# Is there a dummy manual for solar power?



## Deathdealer (Oct 26, 2013)

I've looked everywhere I have yet to find a dummy manual for setting up solar panels and setting up the components you need to charge batteries! Nor have I found a list of what wattages go with what I really would like some more research on this before I sink money into this prep!


Sent from my iPhone using Survival Forum


----------



## doubleTHICK (Jun 19, 2012)

http://pssurvival.com/PS/Solar/index.htm

May be something in there that could help you; if not, time to hit YouTube


----------



## hiwall (Jun 15, 2012)

look at these posts!

http://www.preparedsociety.com/forum/f16/d-i-y-solar-generator-less-than-208-a-23287/

http://www.preparedsociety.com/forum/f16/d-i-y-solar-generator-less-than-500-a-15496/


----------



## Viking (Mar 16, 2009)

Deathdealer said:


> I've looked everywhere I have yet to find a dummy manual for setting up solar panels and setting up the components you need to charge batteries! Nor have I found a list of what wattages go with what I really would like some more research on this before I sink money into this prep!
> 
> Sent from my iPhone using Survival Forum


You need to figure what are the most important things you want to run on solar, total times that they run, average sun days for your location. Once you have that figured then you will need to look for the wattage on the items you will be using. Post those figures here and one of the many solar users here can certainly figure out something for you or put you on the right track for figuring what you,ll need. If you minimize what you are planing to run on solar it certainly helps as solar projects can get expensive really fast. As an example I have designed a solar standby system that will pass through grid power to two refrigerators, a freezer and a few lights. I may be able to use a washing machine on off operating time for the fridges and freezer as the washer uses about what the two refrigerators pull in total amps.


----------



## cowboyhermit (Nov 10, 2012)

Lots of good info posted so far



Deathdealer said:


> and setting up the components you need to charge batteries!


Aside from the panels themselves there is only 1 component, the charge controller, that is required to charge the batteries (and even that can be skipped in some situations, though it is usually not worth it).

Solar panels are incredibly simple devices to work with, you simply have a positive and a negative low voltage DC wire or terminal, like in a vehicle. Wires from your panels go to the charge controller.

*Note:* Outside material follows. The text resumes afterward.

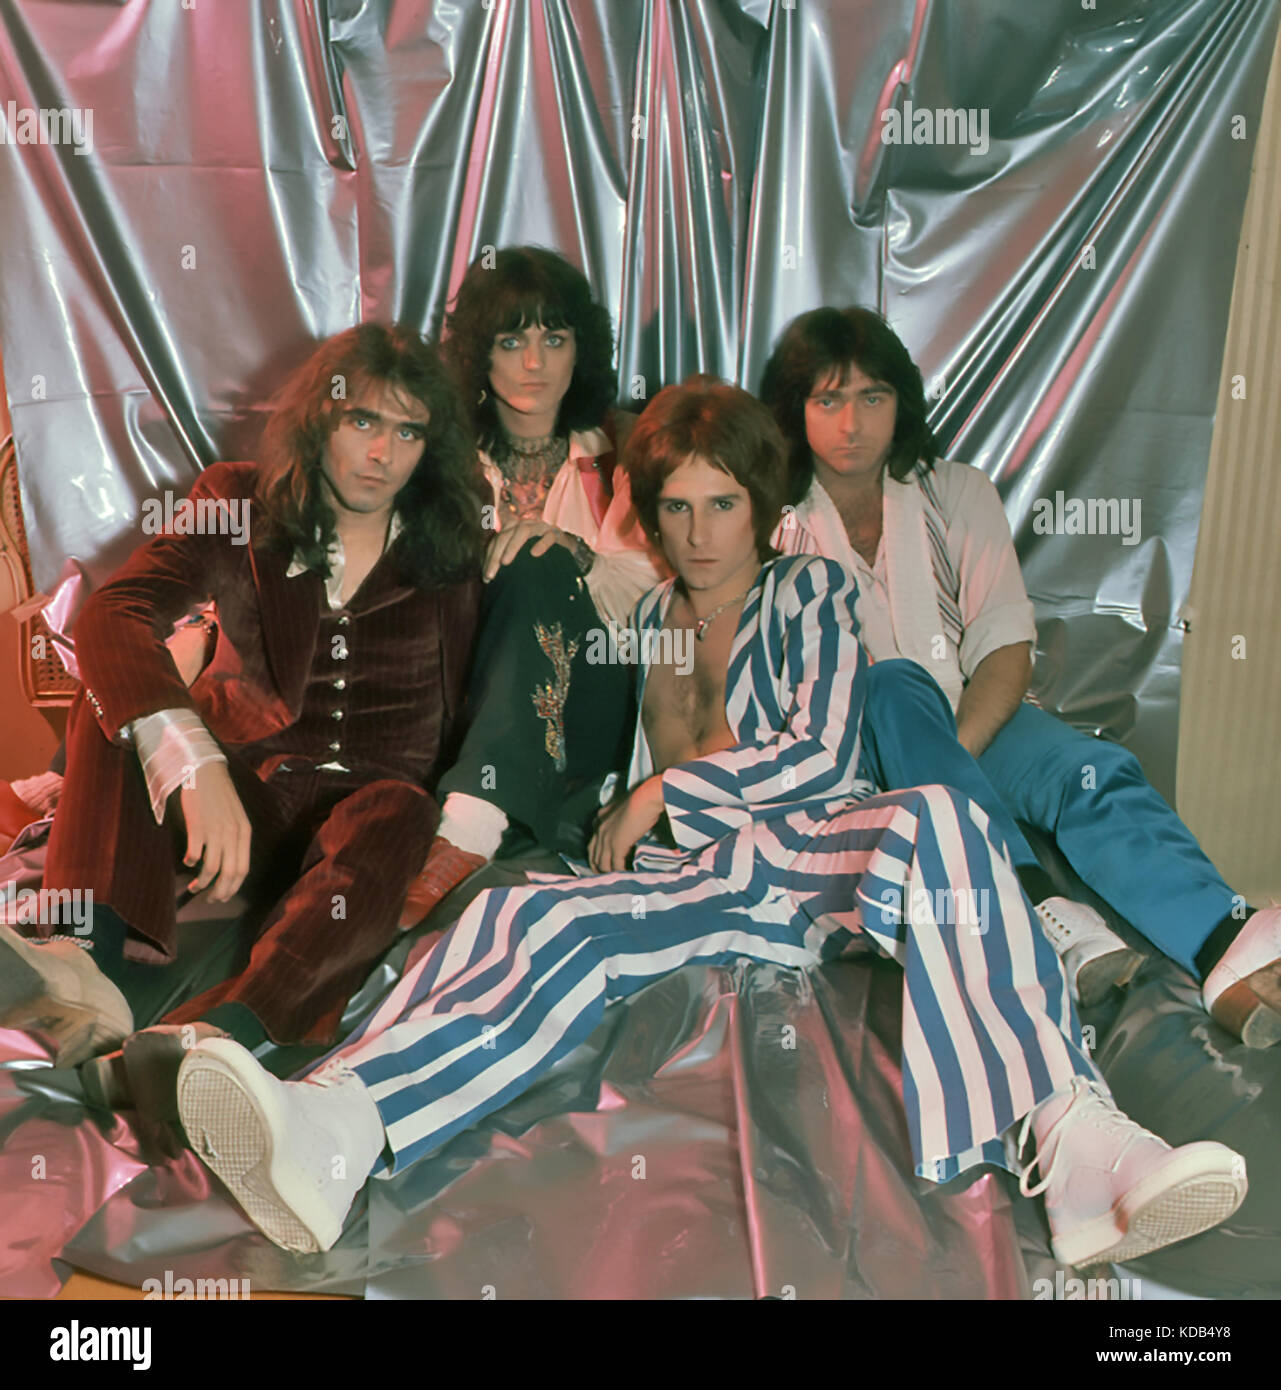 THE BABYS UK rock group in 1977. From left: Wally Stocker, Michael Corby, John Waite, Tony Brock Stock Photo

The charge controller is generally a very straightforward device as well, though there is a range from incredibly simple to lots of options. They come with instructions. They all should have clearly labeled "Solar" or "input" terminals, clearly labeled "battery" terminals, and sometimes "load" terminals (power to these terminals will be disconnected when the battery voltage drops below a predetermined level).

It really is that simple to put this stuff together; wires from panels to controller, from controller to batteries. From batteries or LVD(low voltage disconnect) on charge controller to whatever load you have.

Other than some basic tools like a screwdriver and possibly a wire stripper/crimper the only essential (imo) tool someone might not have is a multimeter but you can pick one up for a few bucks these days.


----------



## squerly (Aug 17, 2012)

Deathdealer said:


> I've looked everywhere I have yet to find a dummy manual for setting up solar panels and setting up the components you need to charge batteries! Nor have I found a list of what wattages go with what I really would like some more research on this before I sink money into this prep!
> 
> Sent from my iPhone using Survival Forum


I bought this book (Photovoltaics Design and installation manual) a couple of years ago and it covers everything I've needed from battery bank design, use of different types of controllers, positioning of panels, etc.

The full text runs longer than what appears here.